Container classes are used to create a complex neural network. Containers uses nn.Container() class to develop models.It is a base class to create all neural network modules. Modules are serializable and may have other modules added to the model which forms a tree like structure.
|torch.nn.Module||It is a base class used to develop all neural network models.|
|torch.nn.Sequential()||It is a sequential Container used to combine different layers to create a feed-forward network.|
|torch.nn.ModuleList()||This is similar to the indexed Python list which holds submodules in a list.|
|torch.nn.ModuleDict()||This class creates a python dictionary that holds submodules.|
|torch.nn.ParameterList()||This is similar to the indexed python list which holds parameters in a list.|
|torch.nn.ParameterDict()||This class creates a python dictionary that holds parameters.|
Pytorch provides different modules in torch.nn to develop neural network layers. We can configure different trainable layers using a respective class from torch.nn Module.
It is a class in torch.nn which helps to apply learned filter on input images to create an intermediate layer.

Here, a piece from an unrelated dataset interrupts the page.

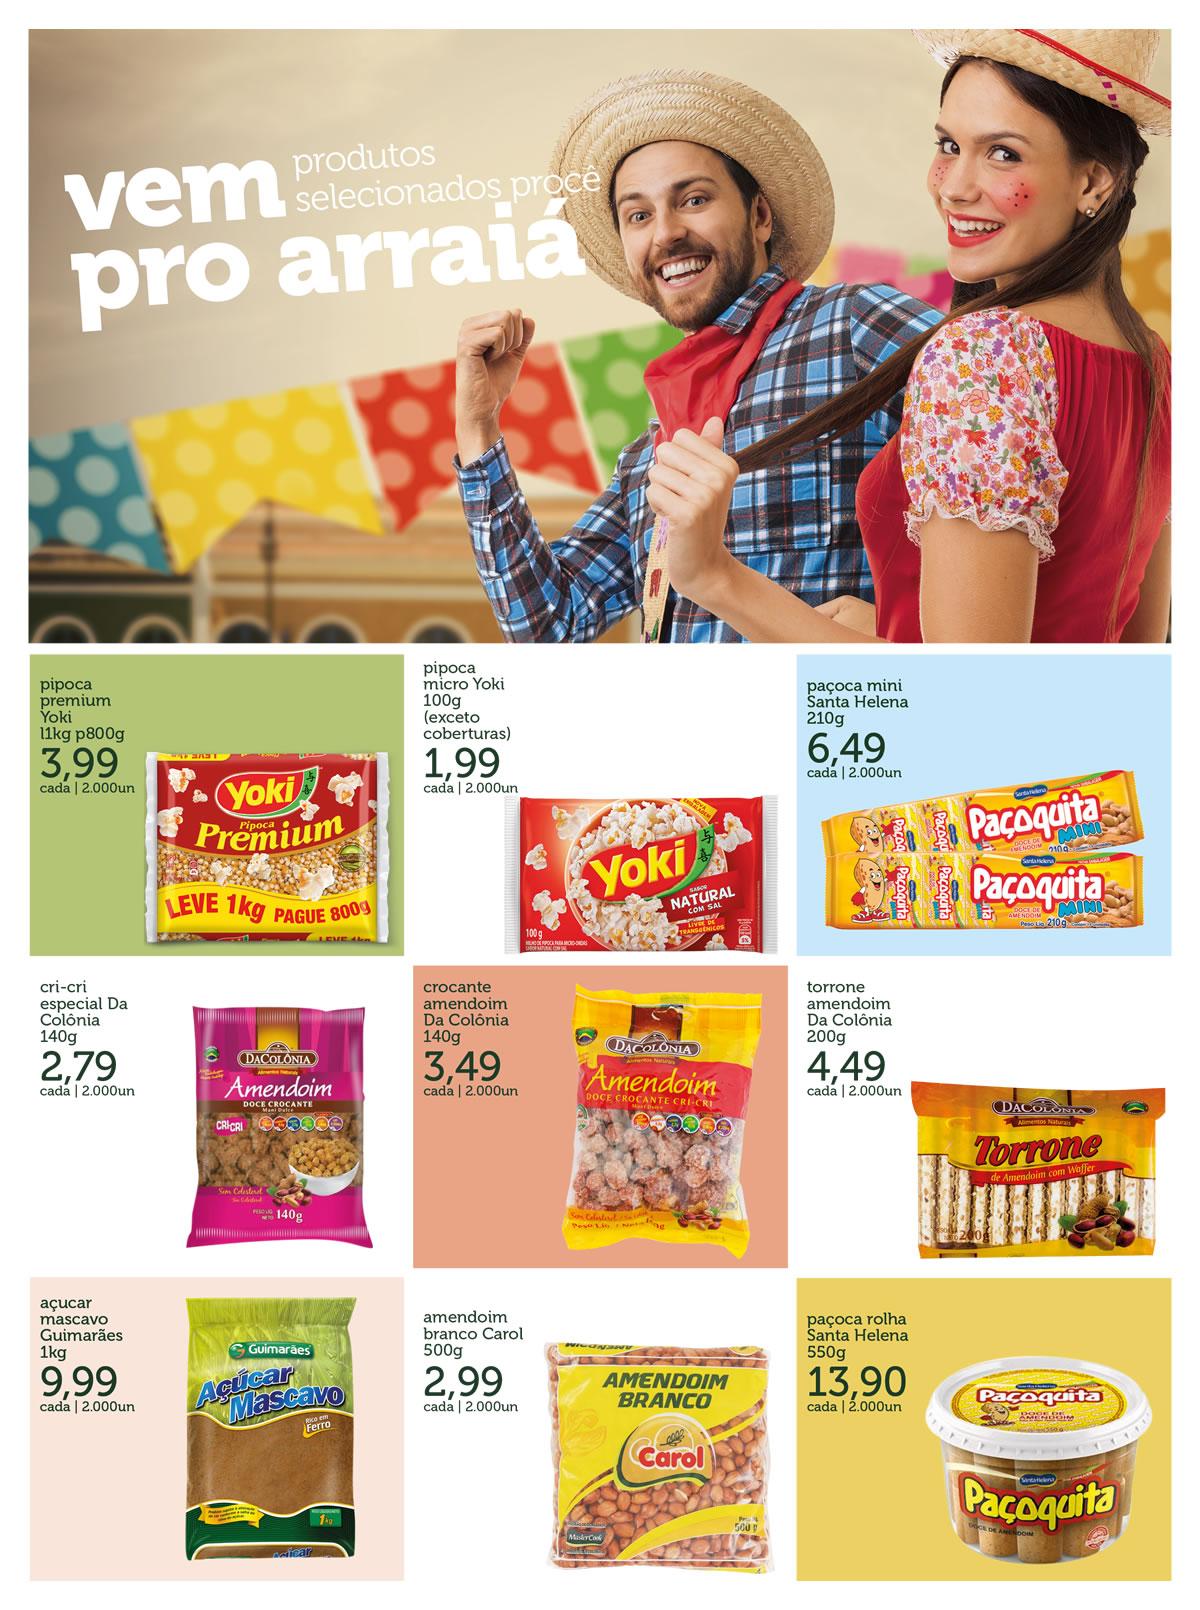 caita_supermercados_tabloide_junho2018_concordia09

|torch.nn.Conv1d()||1-D Convolution applied over an input signal composed of input planes.|
|torch.nn.Conv2d()||2-D Convolution applied over an input signal composed of input planes.|
|torch.nn.Conv3d()||3-D Convolution applied over an input signal composed of input planes.|
|torch.nn.ConvTranspose1d()||1-D Transposed convolution applied over an input image signal composed of input planes.|
|torch.nn.ConvTranspose2d()||2-D Transposed convolution applied over an input image signal composed of input planes.|
|torch.nn.ConvTranspose3d()||3-D Transposed convolution applied over an input image signal composed of input planes.|
|torch.nn.Unfold()||Used to extract sliding local block from a batched input tensor.|
|torch.nn.Fold()||Create local block tensors by grouping an array of the sliding block.|
To down sample a feature maps pooling layer is used. it pools the important features from the input plane.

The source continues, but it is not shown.